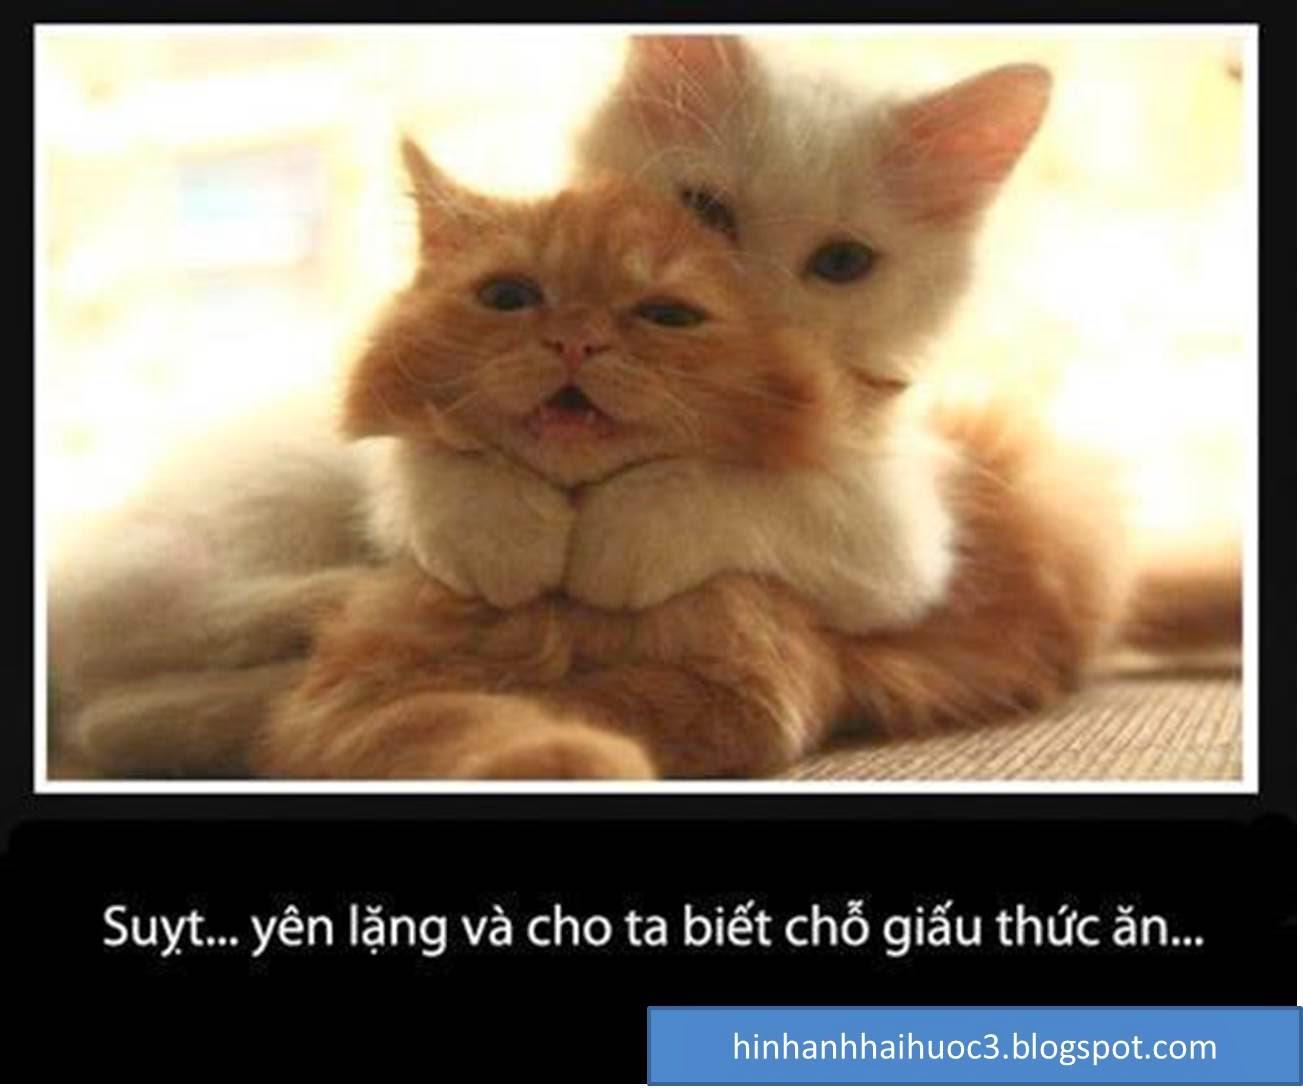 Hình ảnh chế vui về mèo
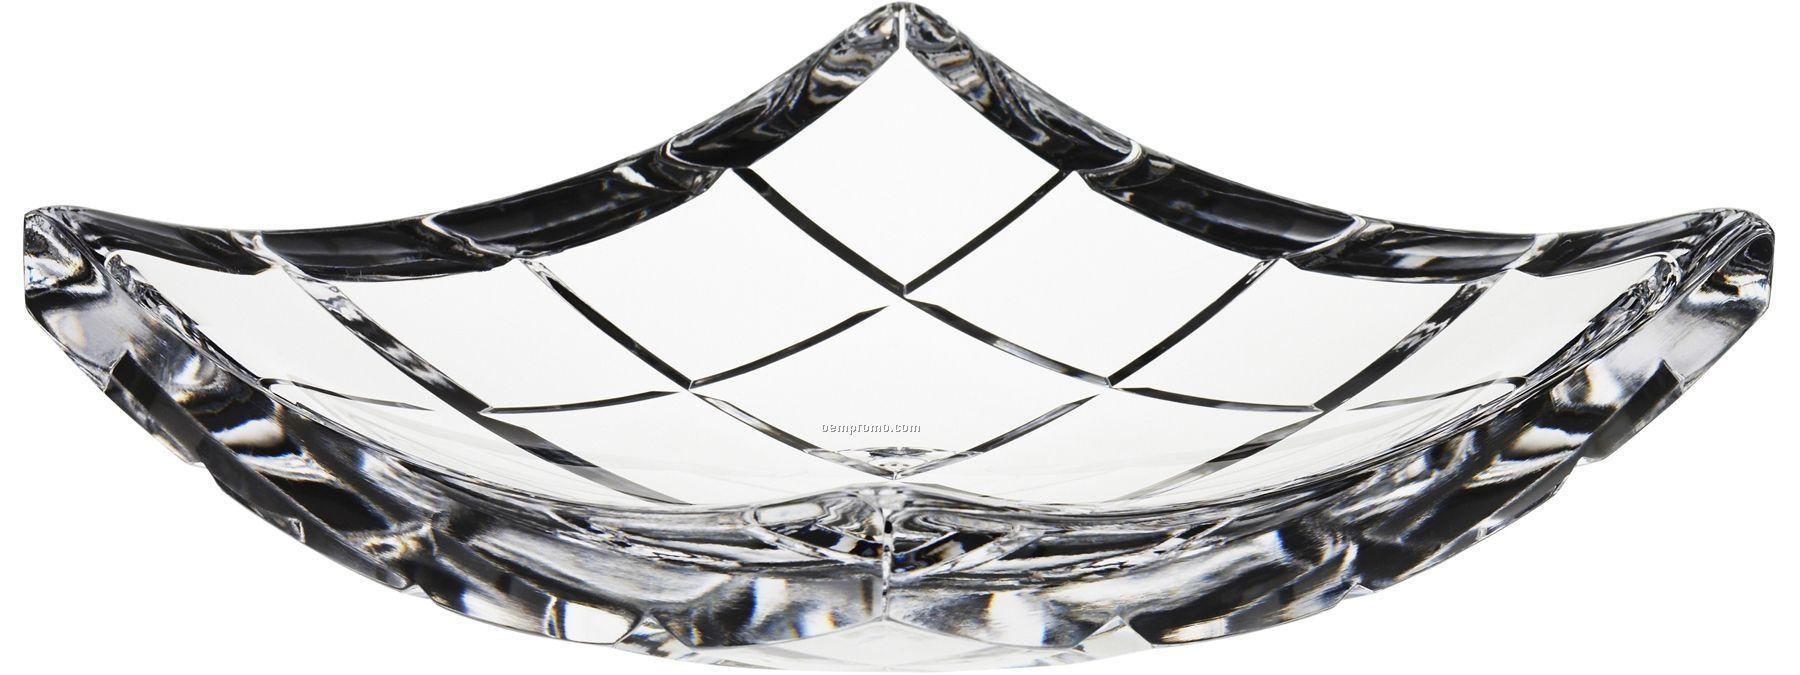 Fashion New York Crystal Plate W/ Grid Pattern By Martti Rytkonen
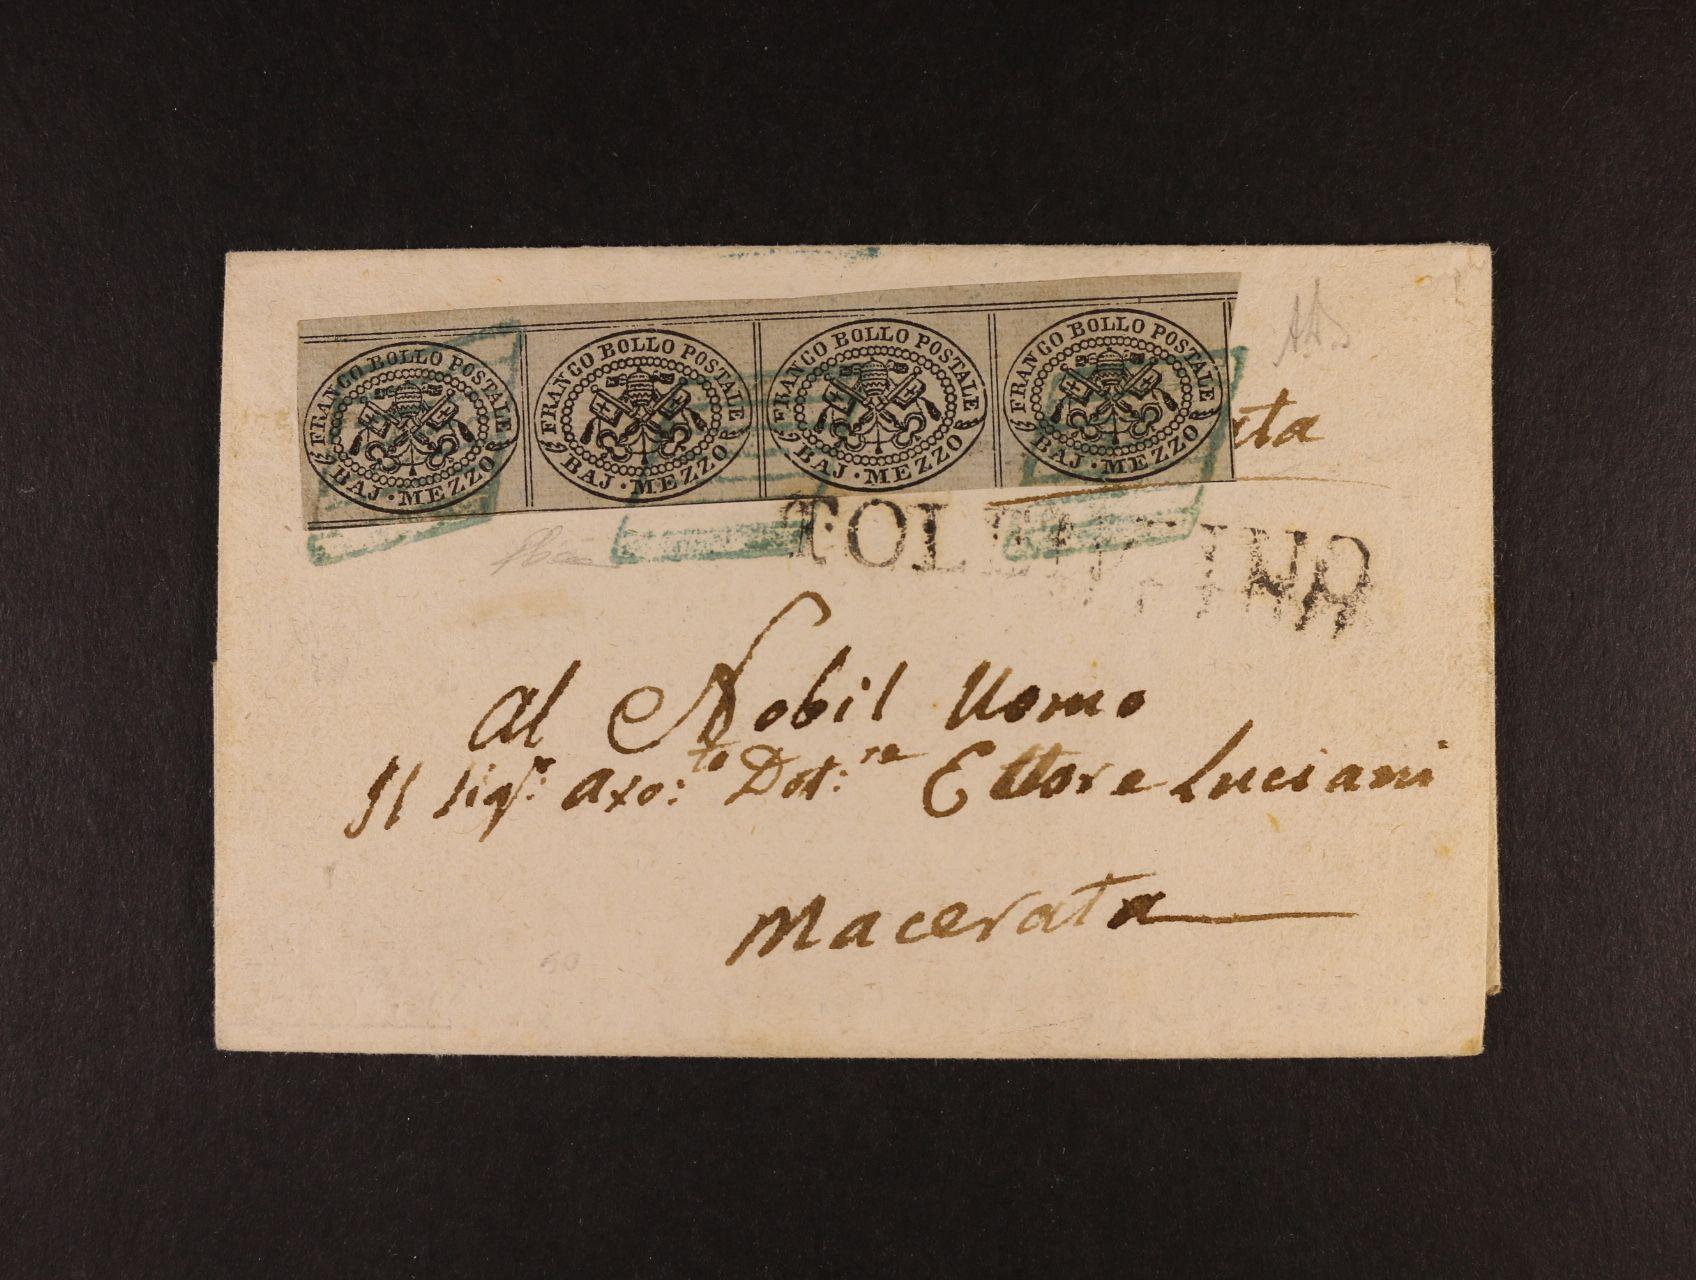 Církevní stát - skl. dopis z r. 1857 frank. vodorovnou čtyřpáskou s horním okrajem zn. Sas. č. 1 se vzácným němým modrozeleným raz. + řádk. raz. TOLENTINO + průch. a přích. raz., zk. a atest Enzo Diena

• THE TASK: Retype the data word for word, please, and keep the images out.

• EXERCISE RESPONSE:
 Hình ảnh chế vui về mèo
 Fashion New York Crystal Plate W/ Grid Pattern By Martti Rytkonen
 Církevní stát - skl. dopis z r. 1857 frank. vodorovnou čtyřpáskou s horním okrajem zn. Sas. č. 1 se vzácným němým modrozeleným raz. + řádk. raz. TOLENTINO + průch. a přích. raz., zk. a atest Enzo Diena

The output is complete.